Graphing calculators follow a similar flow: enter your data into a list, run a summary statistics calculation, and read the output. The population standard deviation is typically labeled σ (sigma), while the sample standard deviation is labeled s or sx. If you’re working in a spreadsheet, most programs offer two functions: one for population (like STDEV.P in Excel or Google Sheets) and one for sample (STDEV.S). The sample version is usually the default because most real-world data is a sample rather than a complete population.
Standard Deviation vs. Standard Error
These two are easy to confuse, but they answer different questions. Standard deviation describes how spread out individual data points are in your sample. If you measured the blood pressure of 100 people, the standard deviation tells you how much those 100 readings varied from person to person.
Standard error, on the other hand, tells you how precisely your sample average estimates the true average of the whole population. It equals the standard deviation divided by the square root of your sample size, so it shrinks as you collect more data. You’d report standard deviation when describing the variability within your group, and standard error when making a claim about how close your sample mean is to the population mean. In published research, you’ll see both: standard deviation to characterize the sample (average age of patients, average tumor size) and standard error or confidence intervals to indicate how reliable those estimates are for the broader population.
A Quick Reference Example
Suppose you’re tracking how many minutes you exercise each day for a week: 30, 45, 25, 50, 35, 40, 35. Here’s the full calculation using the population formula, since this is your complete week.

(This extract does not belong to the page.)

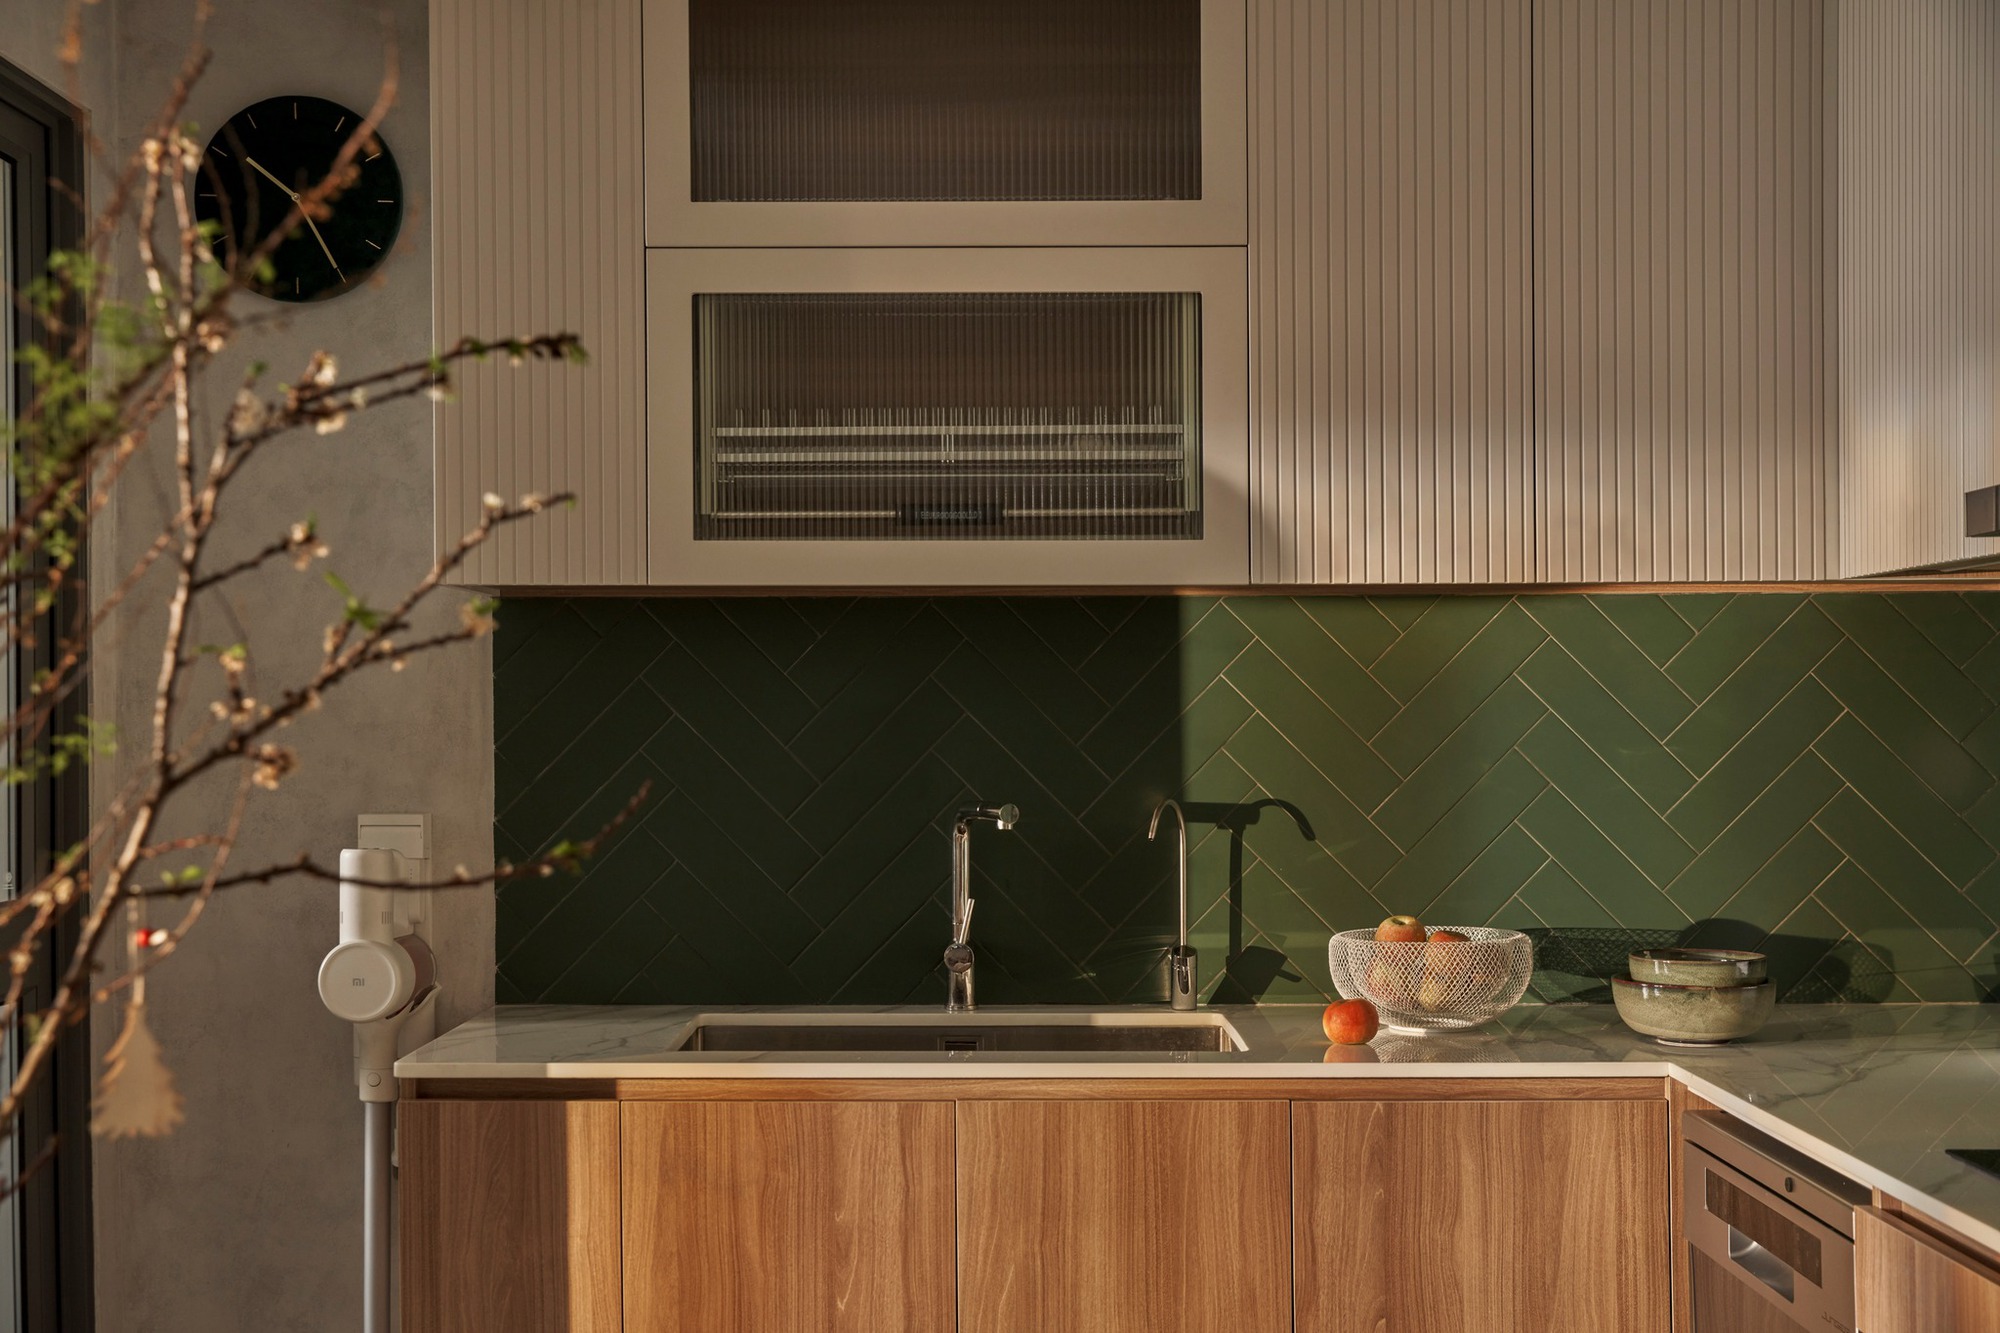 Căn bếp nhỏ với phong cách Wabi-sabi đẹp như thiết kế 3D của cặp vợ chồng trẻ - Ảnh 4.

Mean: (30 + 45 + 25 + 50 + 35 + 40 + 35) ÷ 7 = 260 ÷ 7 ≈ 37.14 minutes. Deviations from the mean: −7.14, 7.86, −12.14, 12.86, −2.14, 2.86, −2.14. Squared deviations: 51.0, 61.8, 147.4, 165.4, 4.6, 8.2, 4.6. Sum of squared deviations: 443.0. Variance: 443.0 ÷ 7 ≈ 63.3. Standard deviation: √63.3 ≈ 7.95 minutes.
Your average workout lasted about 37 minutes, and the typical day deviated from that average by roughly 8 minutes in either direction. That’s a moderate amount of variability. If you wanted every day to be more consistent, you’d aim to bring that standard deviation down.